CVE-2024-7231 is a local privilege escalation vulnerability identified in Avast Cleanup Premium, specifically version 23.4 (build 15592). The vulnerability stems from improper handling of symbolic links (CWE-59) within the Avast Cleanup Service. The service fails to securely resolve symbolic links before performing file deletion operations. An attacker who already has the ability to execute code with low privileges on the affected system can create a malicious symbolic link that points to a sensitive file. When the Avast Cleanup Service processes this link, it inadvertently deletes or manipulates files it should not, allowing the attacker to escalate privileges to SYSTEM level. This escalation enables execution of arbitrary code with the highest system privileges, compromising the entire system. The vulnerability requires local access and prior low-privileged code execution but does not require user interaction. The CVSS v3.0 score is 7.8, reflecting high severity due to the potential for full system compromise. No patches were listed at the time of publication, and no active exploits are known in the wild, but the risk remains significant given the ease of exploitation once local code execution is achieved. This vulnerability was tracked by ZDI as ZDI-CAN-22894.
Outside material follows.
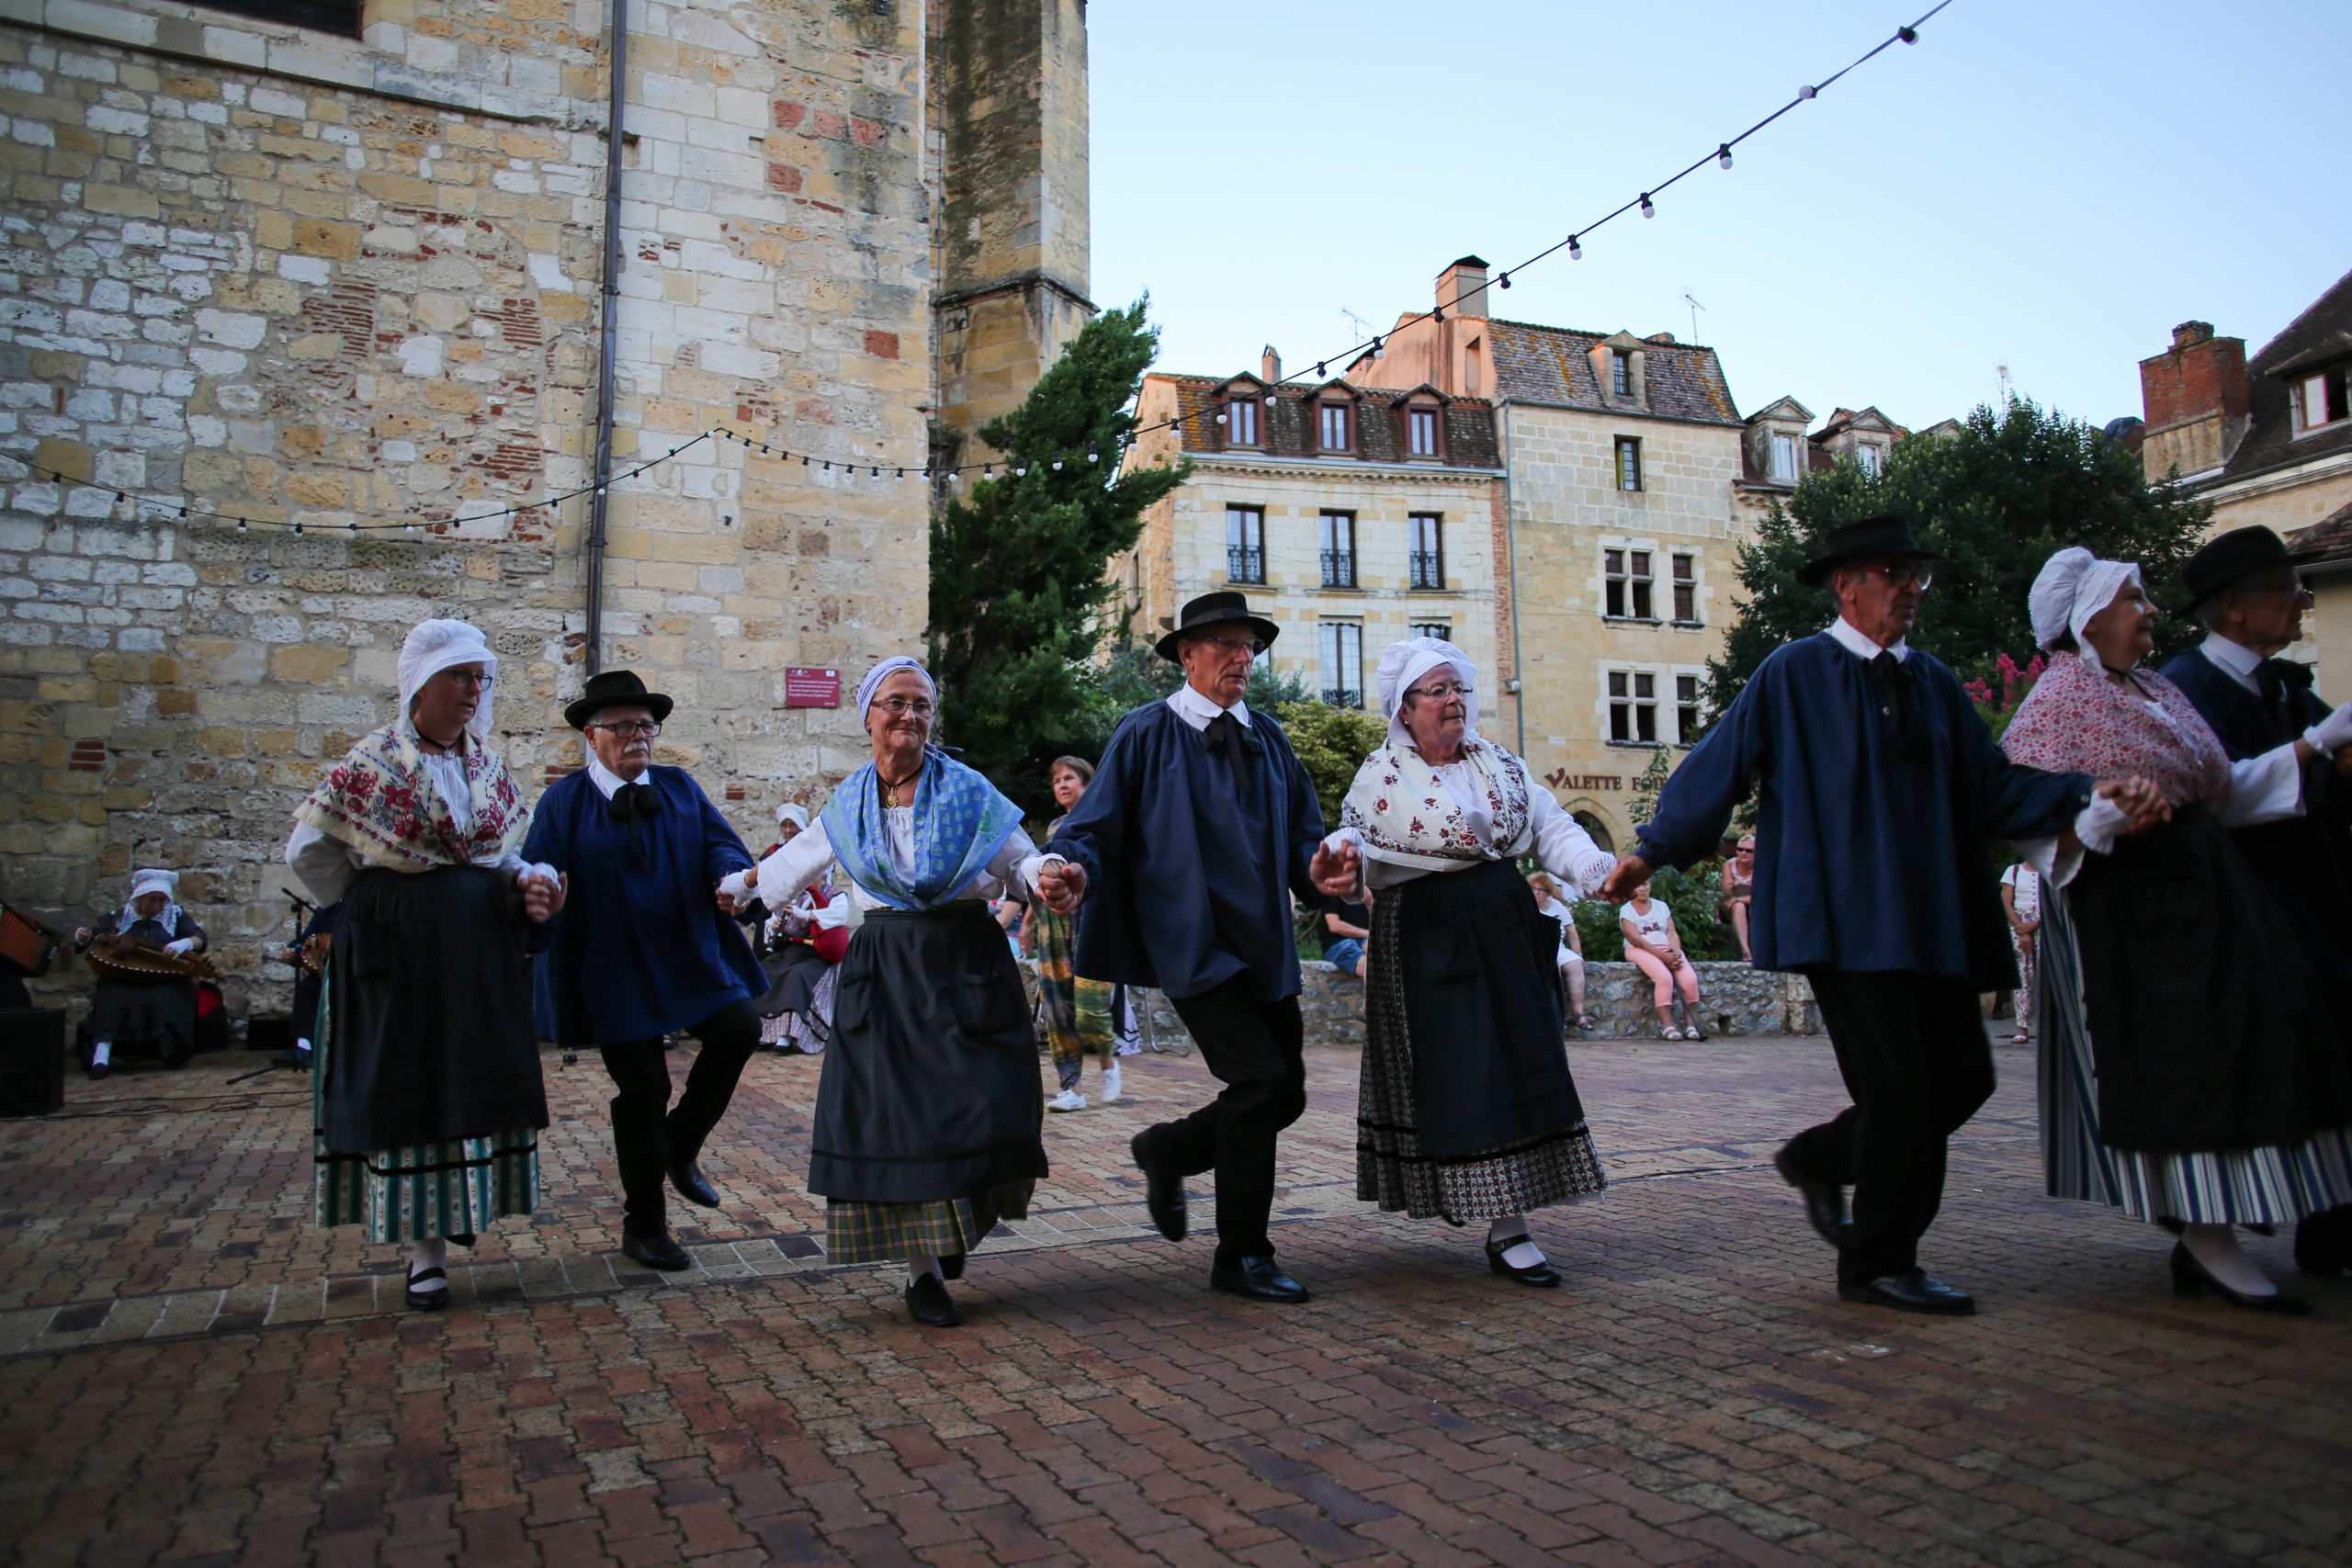 Folk Dances in Bergerac, France
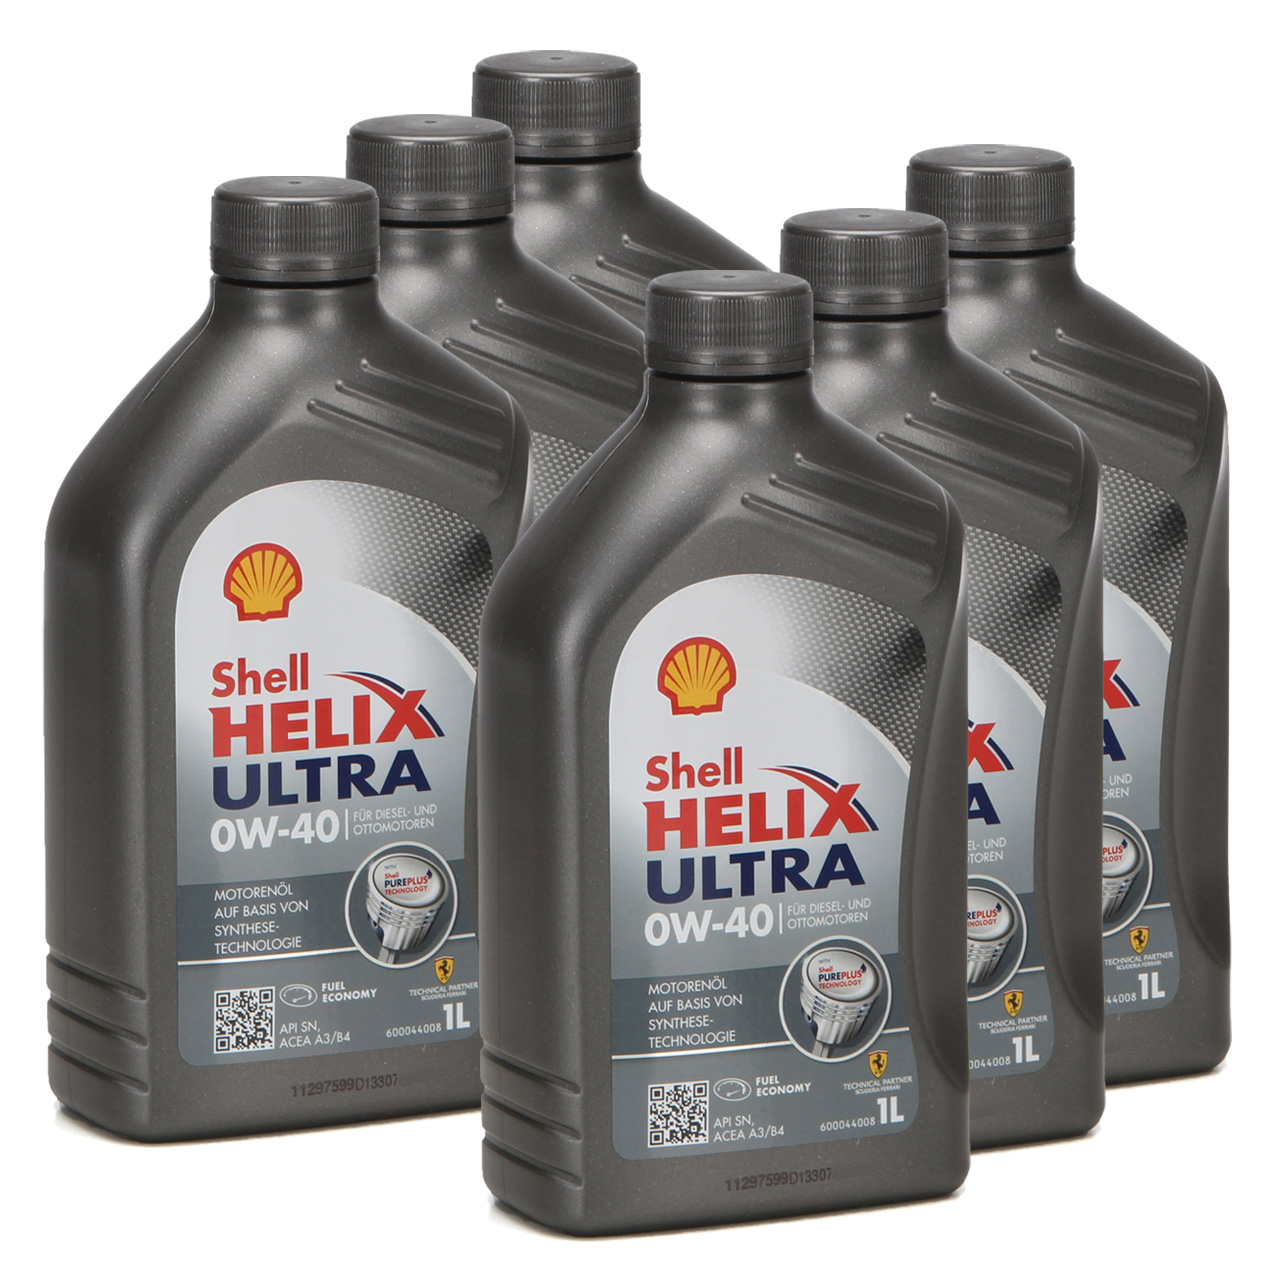 6x 1 Liter SHELL HELIX ULTRA 0W-40 Motoröl Öl MB 229.5/226.5 VW 502.00/505.00

The impact of CVE-2024-7231 is substantial for organizations using Avast Cleanup Premium. Successful exploitation allows attackers to escalate privileges from a low-privileged user to SYSTEM, effectively gaining full control over the affected machine. This can lead to unauthorized access to sensitive data, installation of persistent malware, disruption of system availability, and complete compromise of system integrity. In enterprise environments, compromised endpoints could serve as pivot points for lateral movement, increasing the risk of widespread network breaches. Since the vulnerability requires local code execution, initial compromise vectors might include phishing, malicious insiders, or exploitation of other vulnerabilities. The ability to elevate privileges without user interaction makes this vulnerability particularly dangerous in automated attack scenarios. Organizations relying on Avast Cleanup Premium for system maintenance and optimization should consider this a critical risk to endpoint security.

To mitigate CVE-2024-7231, organizations should implement the following specific measures: 1) Immediately restrict local user permissions to prevent unauthorized code execution at low privilege levels. 2) Monitor and control the creation of symbolic links and suspicious file system activities, especially in directories accessed by Avast Cleanup Service. 3) Employ application whitelisting and endpoint detection and response (EDR) solutions to detect and block attempts to exploit this vulnerability. 4) Isolate critical systems and limit local administrative access to reduce the attack surface. 5) Regularly audit and harden system configurations to minimize opportunities for local code execution. 6) Stay alert for official patches or updates from Avast and apply them promptly once released. 7) Consider temporarily disabling or uninstalling Avast Cleanup Premium on critical systems if patching is delayed and risk is unacceptable. 8) Educate users and administrators about the risks of local privilege escalation and the importance of maintaining strict access controls.